____ Data supplied

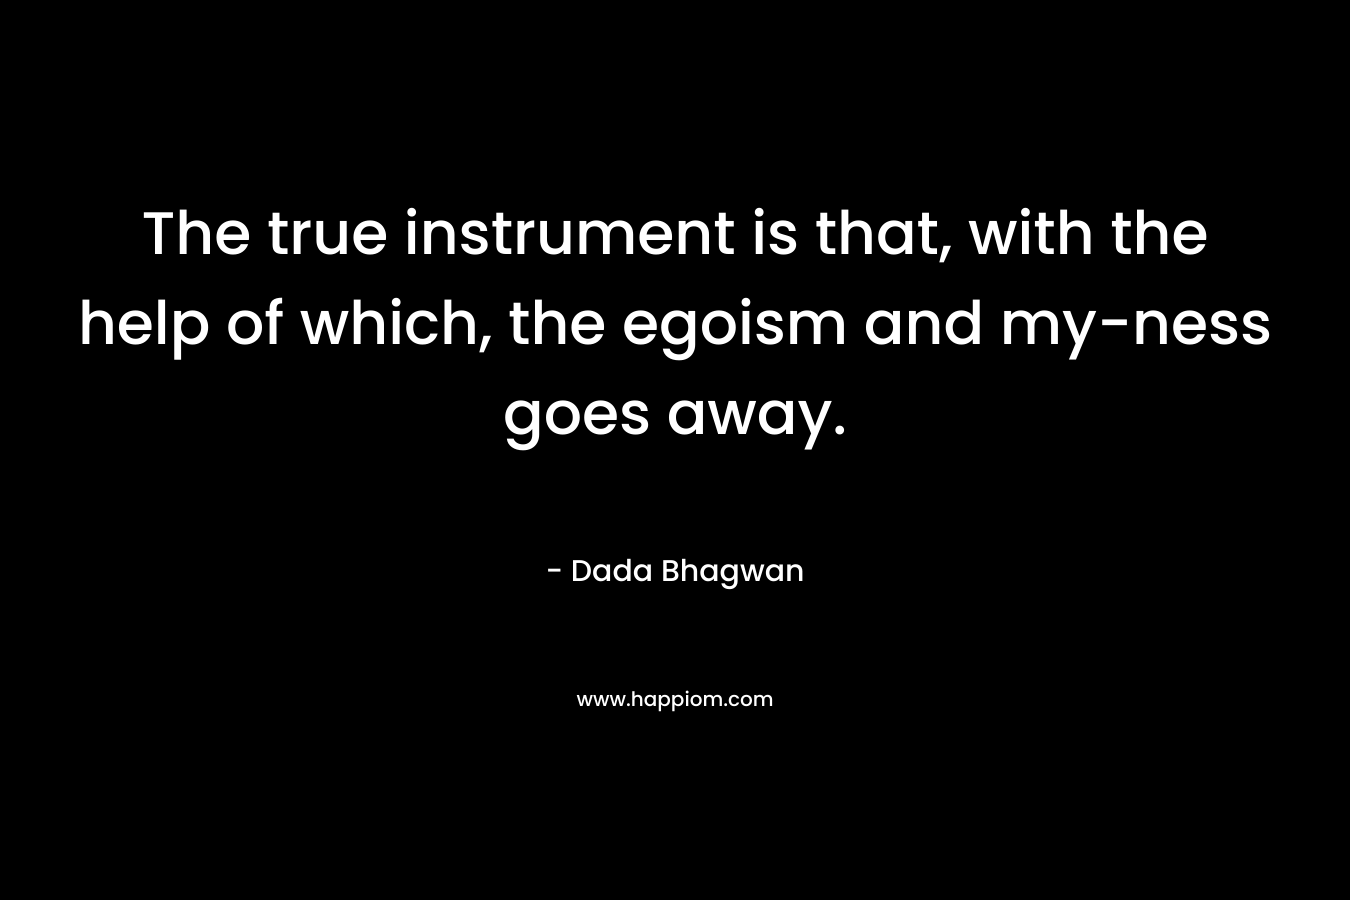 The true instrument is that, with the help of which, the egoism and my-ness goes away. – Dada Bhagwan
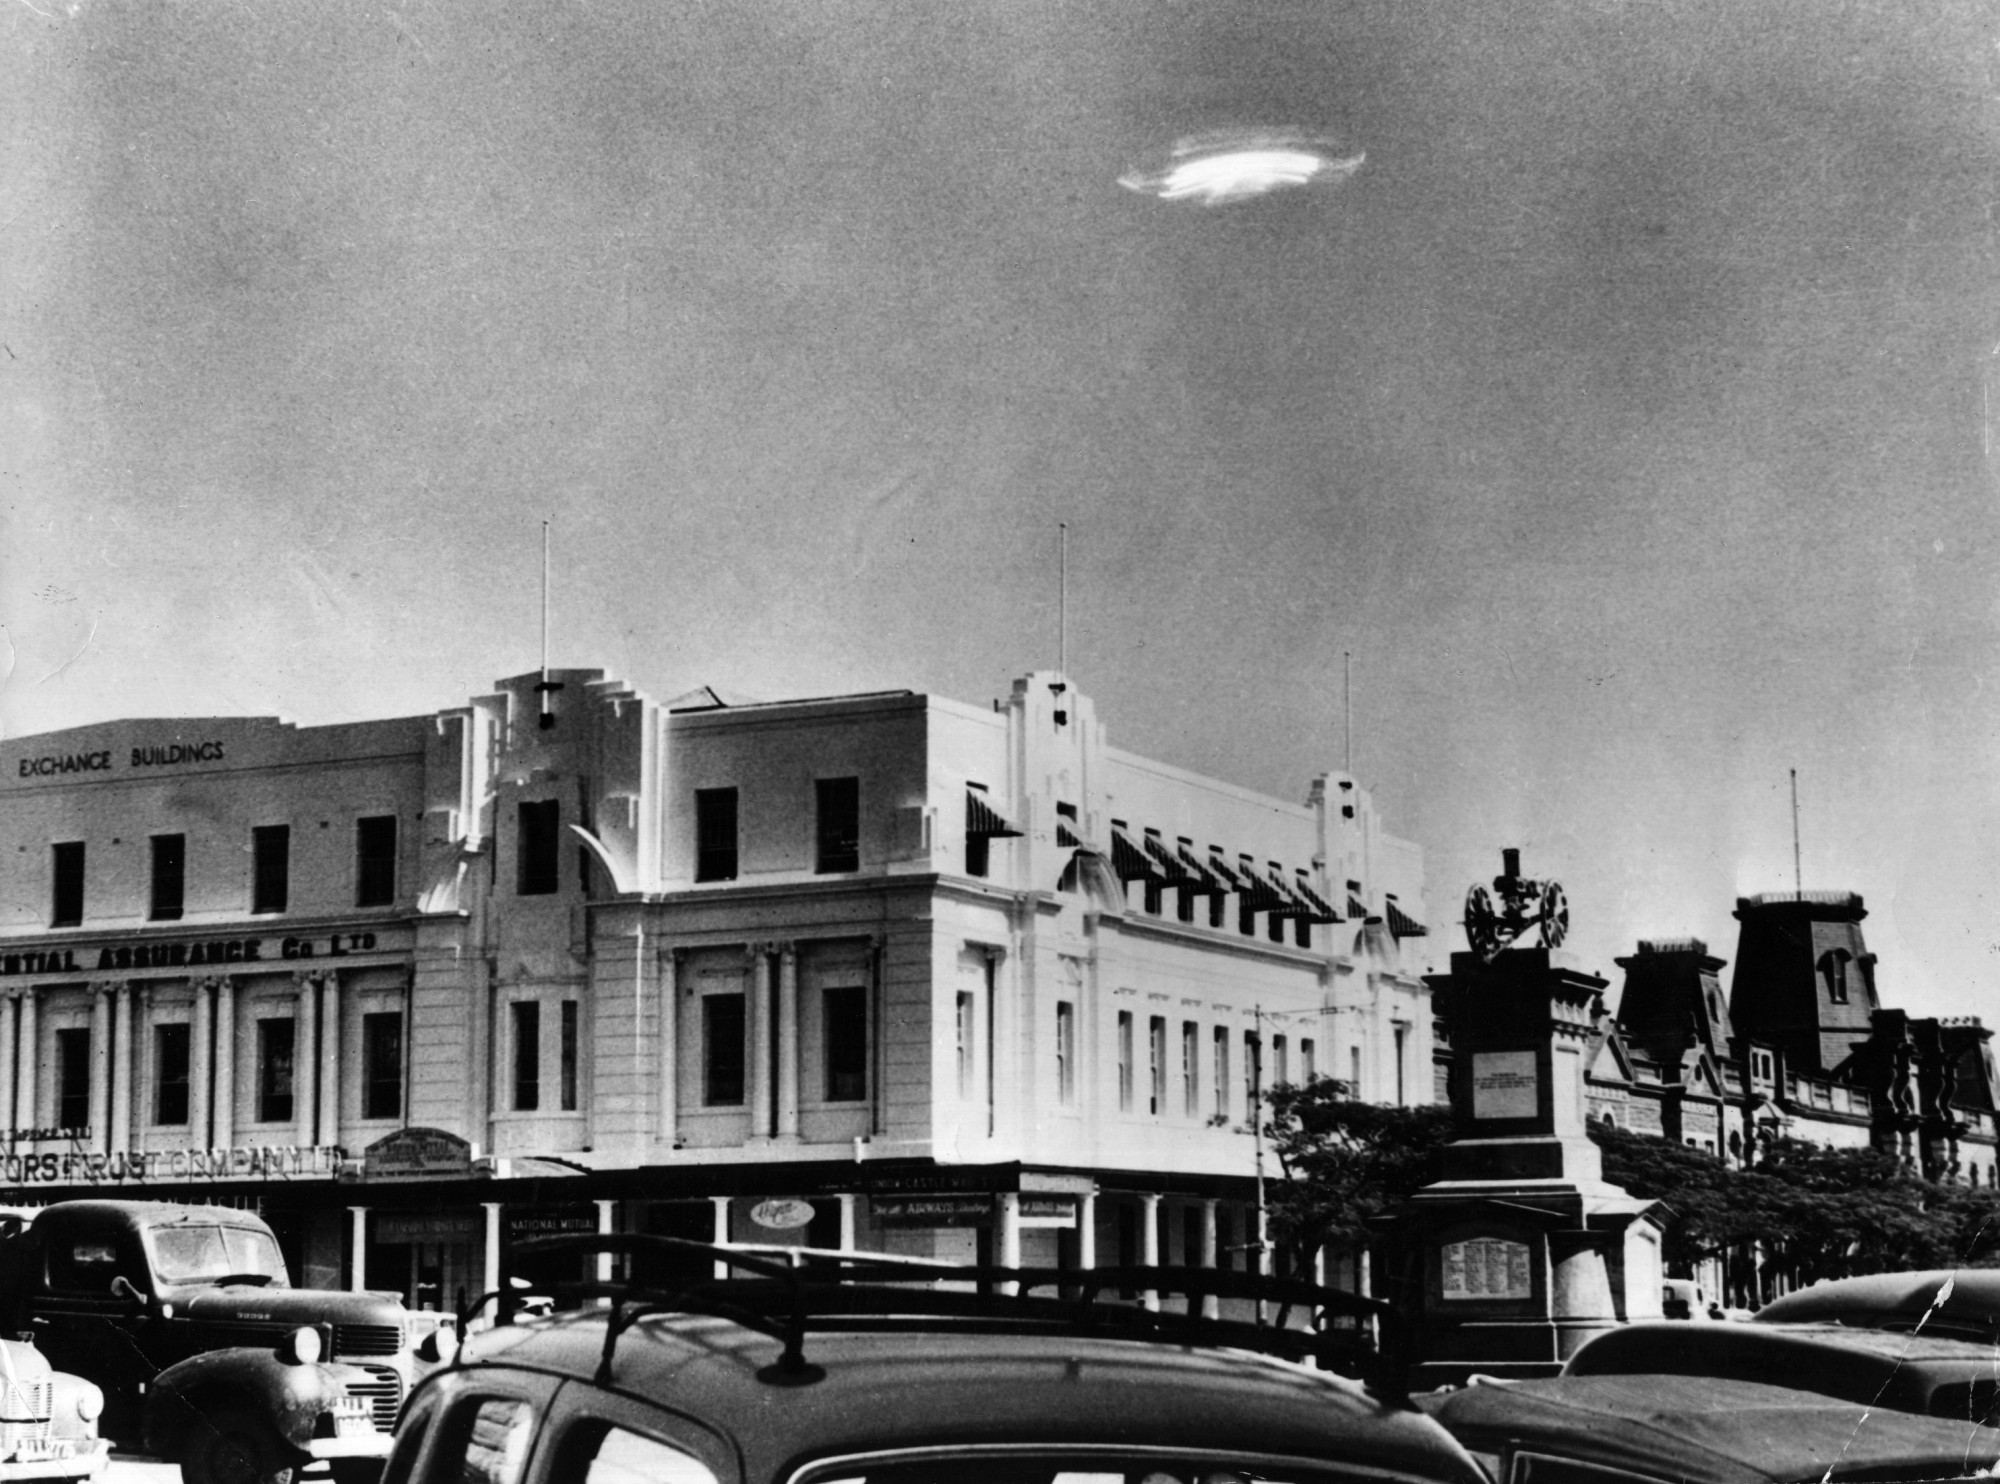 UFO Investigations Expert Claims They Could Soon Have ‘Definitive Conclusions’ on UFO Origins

________
____ Data supplied

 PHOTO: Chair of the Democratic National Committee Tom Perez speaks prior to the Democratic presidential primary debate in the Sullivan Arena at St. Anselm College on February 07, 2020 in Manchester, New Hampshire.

________

■ Work request
Excluding any pictures, print exactly the lines of the listing above from the line with "The true instrument" to the line with "UFO Investigations Expert", both ends included.

■ Answer to this problem
 The true instrument is that, with the help of which, the egoism and my-ness goes away. – Dada Bhagwan
 UFO Investigations Expert Claims They Could Soon Have ‘Definitive Conclusions’ on UFO Origins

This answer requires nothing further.